C’est une contre-vérité. La France est un vieux socle humain plurimillénaire. Les recherches de démographie historique ont montré que, jusqu’au milieu du XIXe siècle, la population française était presque exclusivement issue d’une très vieille présence celtique sur ce sol, intégrée par la conquête à la civilisation romaine, et à laquelle s’étaient mêlés les apports numériquement faibles de peuples conquérants : Francs, Burgondes, Wisigoths, sans oublier des Vikings en Normandie. Cela mis à part, la France fut la succession sur la même terre d’une longue suite de générations se perdant dans la nuit des temps. C’est de ce très vieux socle humain qu’étaient nés les millions de paysans français qui sont allés mourir dans les tranchées de la Première Guerre mondiale.

   Surpeuplée sous l’Ancien Régime, la France était de loin le pays le plus peuplé et le plus dense d’Europe. En état d’extrême pression démographique, plein d’hommes à ne savoir qu’en faire, notre pays était alors une terre d’émigration et non d’immigration. Celle-ci était infime et concernait surtout des étrangers de rang social élevé, des artistes, des savants, ou des professionnels apportant des techniques novatrices. La royauté les naturalisait volontiers mais, avant l’enregistrement de leurs lettres de naturalité, la Chambre des comptes vérifiait que les nouveaux venus possédaient des ressources suffisantes et étaient gens de bonne vie et mœurs.  

   Ce n’est qu’à partir du milieu du XIXe siècle que, du fait d’une baisse volontaire de la fécondité intervenue plus tôt que partout ailleurs, la France est devenue une terre d’immigration. Elle a d’abord accueilli surtout des Belges et des Italiens, puis dans la première moitié du XXe siècle des Polonais, suivis par des Espagnols et des Portugais. Il fut exigé de tous ces nouveaux venus une adhésion complète et sans réserve à l’identité française, au modèle français. Ce fut facilité par le fait que ces immigrés étaient issus de pays européens et de civilisation chrétienne, si bien que  leur assimilation s’effectuait en une génération, et même parfois plus vite.

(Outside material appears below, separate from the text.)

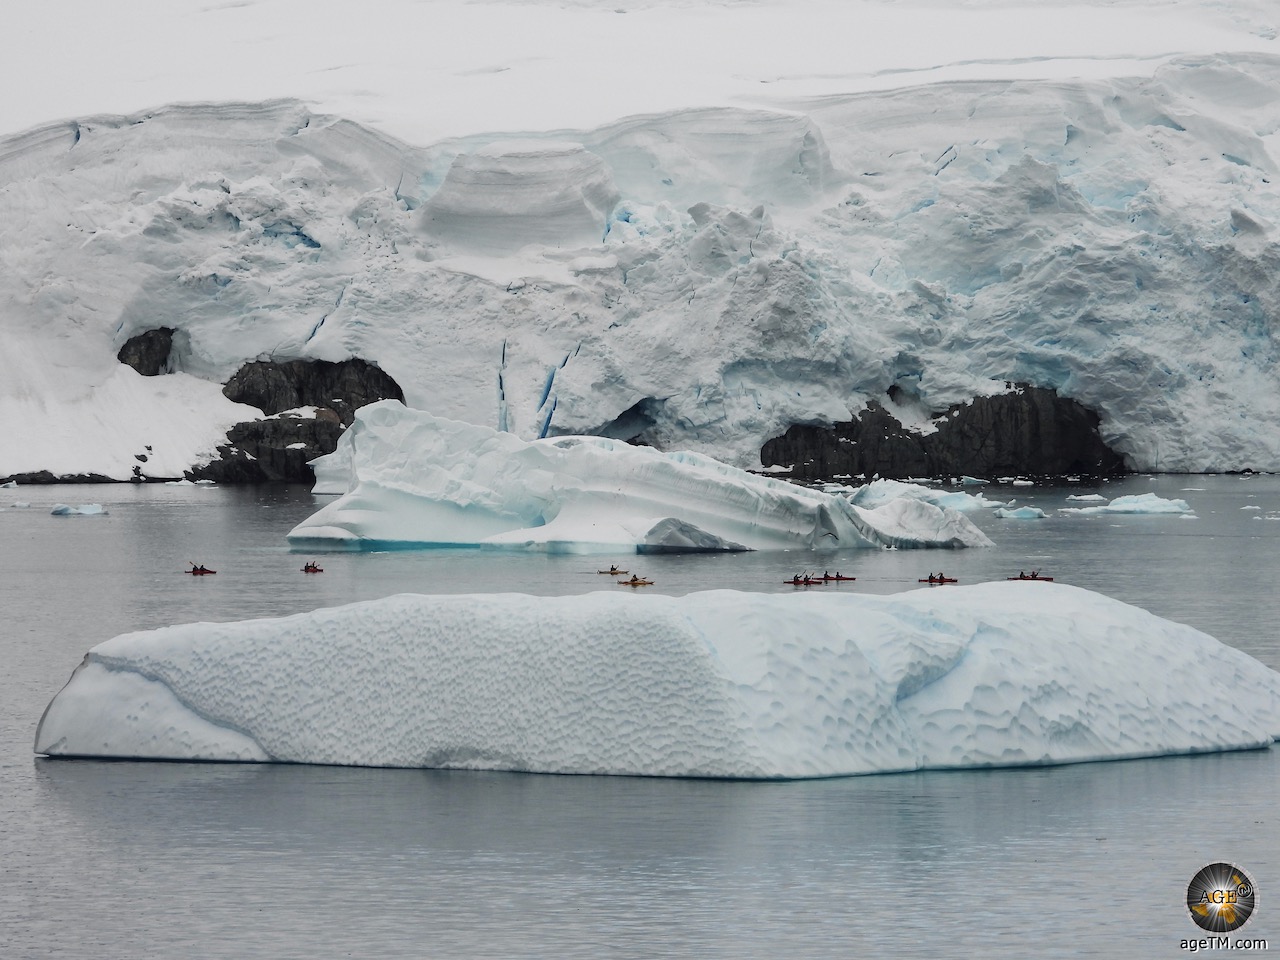 Isang grupo ng mga kayaker ang sumasagwan sa pagitan ng dalawang higanteng iceberg at mula sa maniyebe na baybayin ng Portal Point sa Antarctic Peninsula

   En revanche, cette exigence d’assimilation a été abandonnée concernant l’immigration extra-européenne et très largement musulmane qui a pris le relais. Cela aurait d’ailleurs été difficile car cette immigration était porteuse d’une civilisation antagoniste de la civilisation européenne, et de plus beaucoup trop nombreuse pour que puisse bien s’opérer le classique processus d’adhésion à l’identité française. De toute manière, on n’a même pas essayé. Les différents gouvernements qui se sont succédés depuis un demi-siècle ont tiré fierté de leur répudiation du principe de l’assimilation des immigrés, au point que le terme est devenu politiquement incorrect.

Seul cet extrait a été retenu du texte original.